5. Patriotism and the Family Portrait. Chair: Amy Freund, Associate Professor of the History of Art, Texas Christian University, a.freund@tcu.edu
This session will examine how the family unit was portrayed in the United States and France during a period of transition from monarchy to republic (and, in the case of France, from republic to Empire). Possible topics of discussion include: the notion of a “first family” in images such as Elisabeth Vigée Le Brun’s Marie-Antoinette and Her Children (1787) and Edward Savage’s George and Martha Washington, Their Grandchildren and Black Servant (1789–96); the issue of familial allegiance to the nation, as in Charles Willson Peale’s Robert Goldsborough and Family (1789), which incorporates a bust of Washington, and Charles-Paul Landon’s Comte Pierre-Jean de Bourcet and Family (1791), which incorporates effigies of Louis XVI and Marie-Antoinette; and the uses of the family as a model of citizenship and the state, as in François-André Vincent’s Agriculture (1798). How was the family portrait affected by references to the modes of history or genre painting? How did it reinforce or challenge traditional gender, racial, and class hierarchies? Did family portraiture promote political participation and social unity, or did it valorize private life at the expense of the public sphere?
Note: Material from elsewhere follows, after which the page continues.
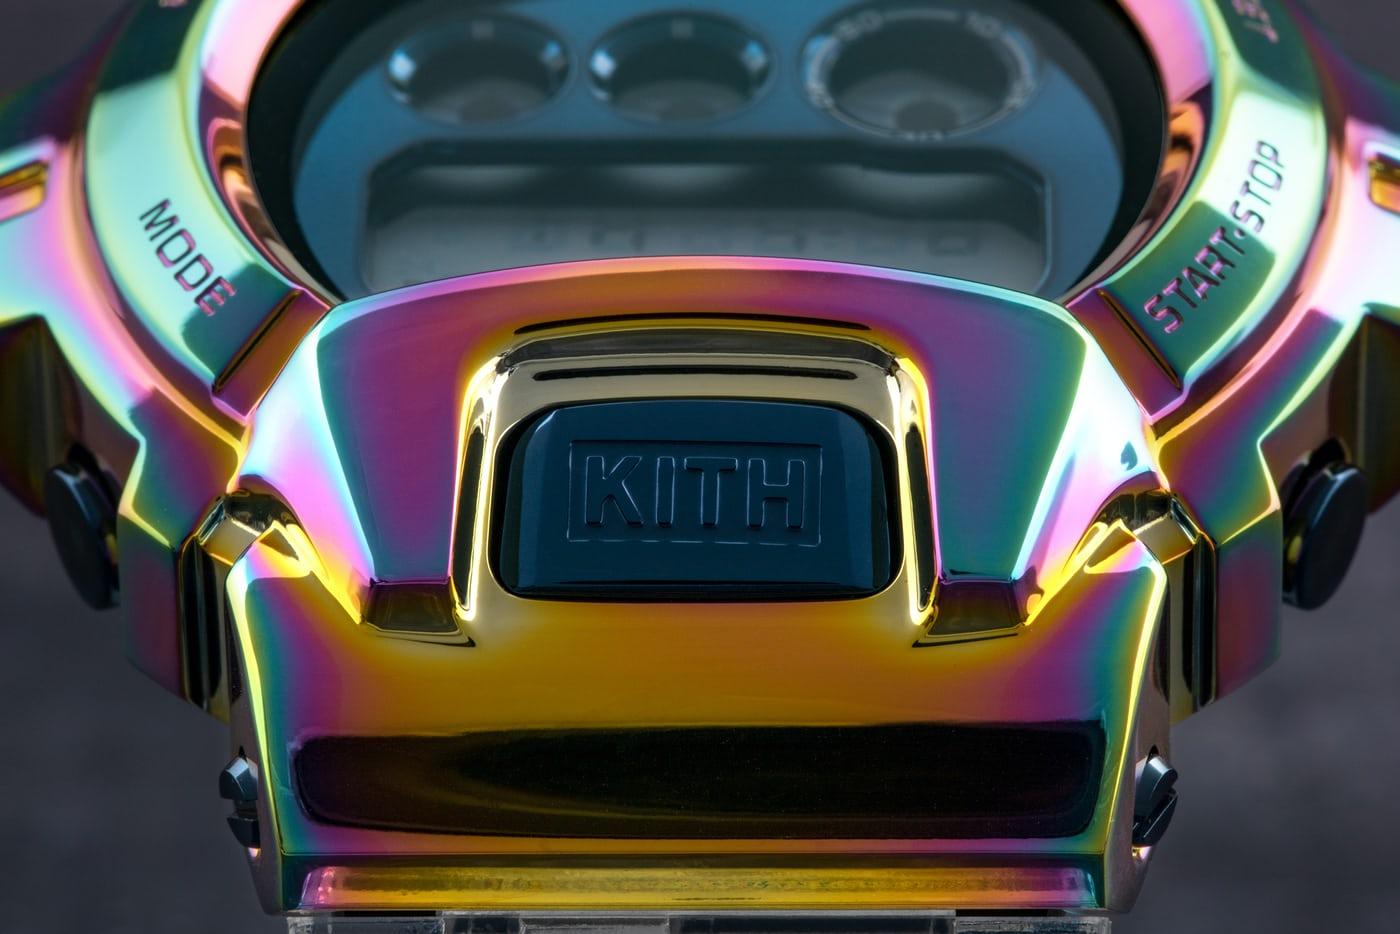 Casio Kith / Foto: Casio

6. The “Face” and “Body” of Paris, Philadelphia, New York, and Washington: Splendor and Squalor, Leisure and Labor in the Early Modern Metropolis. Chair: Margaretta Lovell, Professor of the History of Art, University of California, mmlovell@berkeley.edu
In the late eighteenth- to early nineteenth-century, Paris, Philadelphia, New York, and Washington, D.C., were large or rapidly expanding cities, hosts to national legislatures, foreign legations, and scores of diplomats, businessmen, and tourists, but they were also sites of unimaginable poverty, crime, and misery for thousands of anonymous workers. This session will attempt to “map” and to “illustrate” the cityscape and its inhabitants in a way that distinguishes government from business districts, stately residences from laboring quarters. With regard to Philadelphia, images include the anonymous “Clarkson-Biddle” Map of Philadelphia (1762) and John L. Krimmel’s Fourth of July in Centre Square (1810–12) and Election Day in Philadelphia (1816); letters and journals provide impressions of everything from parades in celebration of allied victories to riots in protest of un(der)paid laborers and troops.
The conference will take place in the Nan Tucker McEvoy Auditorium of the Donald W. Reynolds Center for American Art and Portraiture at the Smithsonian Institution, Washington, D.C., on 25–26 September 2014. The event co-organizers, Todd Larkin and Brandon Brame Fortune, encourage participation from American and French scholars from university, museum, or archival backgrounds who can illuminate patronage motivations, artistic approaches, and interpretive challenges to promoting political identities during a time of momentous change. The Terra Foundation of American Art, in partnership with the Montana State University Alumni Foundation and the National Portrait Gallery, are pleased to support this international event.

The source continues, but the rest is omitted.